Rimbaud grande poeta perché omosessuale come il biografo? Certo, la relazione di Rimbaud con Verlaine è notoria e oggettiva, ma, proprio per confermare che la biografia non basta a spiegare l’opera, gli oggetti amorosi nella poesia di Rimbaud sono sempre femminili, come ha mostrato Jean-Luc Steinmetz in Le donne di Rimbaud, uscita in Francia nel 2000 e tradotta dal Melangolo nel 2006. E l’opera che più esplicitamente si riferisce al legame con Verlaine, la Saison, appunto, nasce dalla decisione di rompere e rinnegare quel legame, scegliendo la solitudine di «possedere la verità in un’anima e in un corpo».

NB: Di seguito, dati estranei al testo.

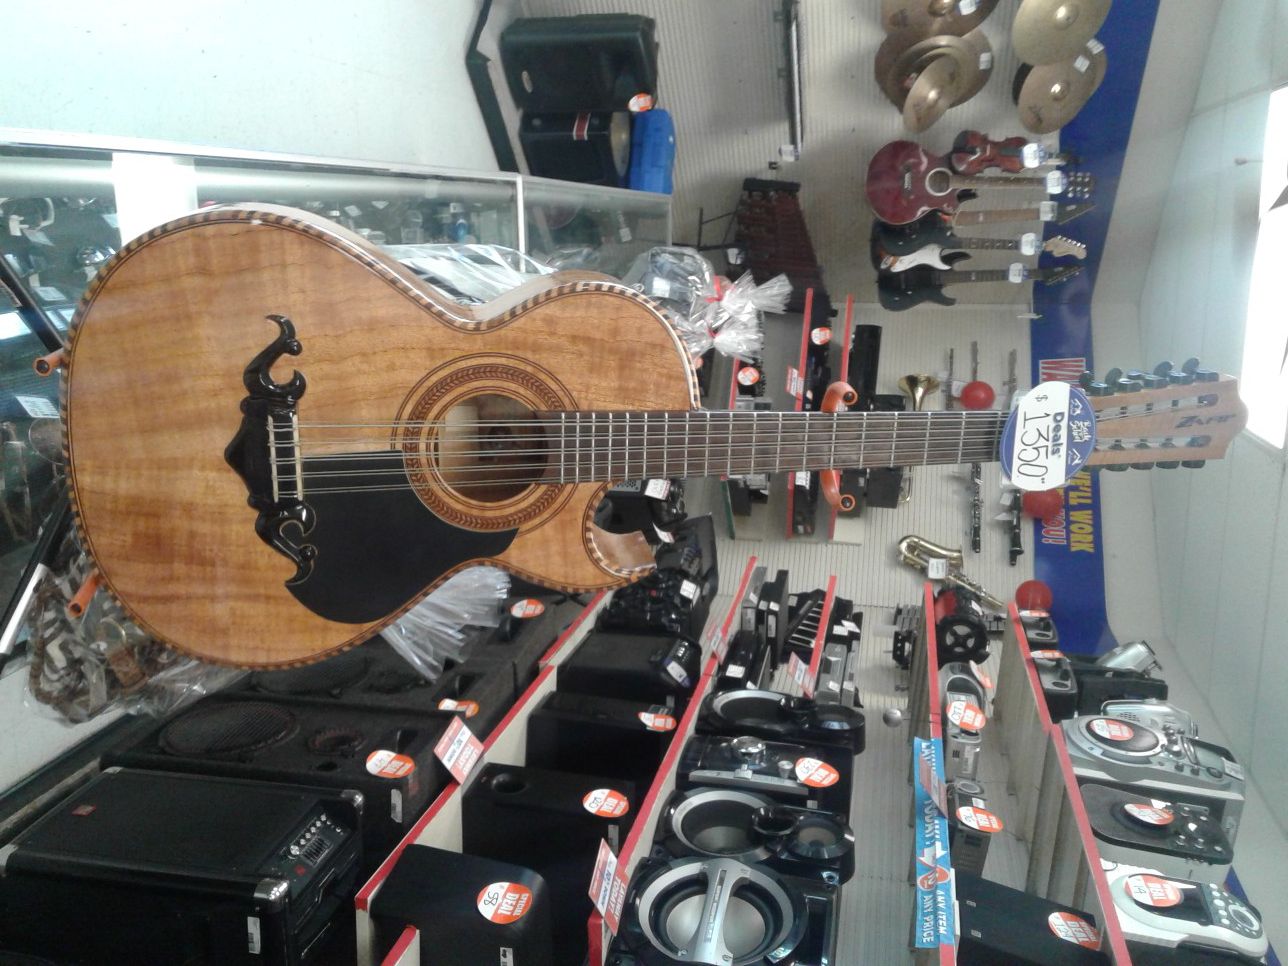 Acoustic 12 String

White non aggiunge nulla di Rimbaud che già non si sappia, e verso la fine tira un po’ via. È certo impossibile addurre novità su un autore tanto esplorato, ma singolare è l’opacità critica del nuovo biografo: per esempio, egli riporta per intero Génie, forse l’ultima delle Illuminations, limitandosi a definirla «ombrosa, onirica, ispiratrice, indecifrabile», mentre l’interpretazione cristica (di un Cristo forse venturo) che ne ha dato André Thisse in Rimbaud devant Dieu (1975) è salda e riportata dai migliori commentatori, per esempio dal sorboniano Pierre Brunel, che ha curato l’opera omnia di Rimbaud per La Pochothèque (1999).
In ogni caso, per conoscere Rimbaud bisogna leggere le poesie di Rimbaud. Se proprio ci si vuole affidare a una biografia recente, è disponibile Rimbaud. Vita e opere di un poeta maledetto, di Graham Robb (Carocci Editore, Roma 2002). La più completa è quella di Claude Jeancolas, intitolata semplicemente Rimbaud (Grandes biographies Flammarion, 1999), le cui 754 pagine però spaventano gli editori italiani.
Del resto, Rimbaud bisogna leggerlo in francese. Jeancolas ha pubblicato otto libri su Rimbaud, fra cui l’utilissimo Dictionaire Rimbaud (Balland, 1991), e L’Afrique de Rimbaud ( Textuel, 1999) libro di grande formato con struggenti fotografie d’epoca.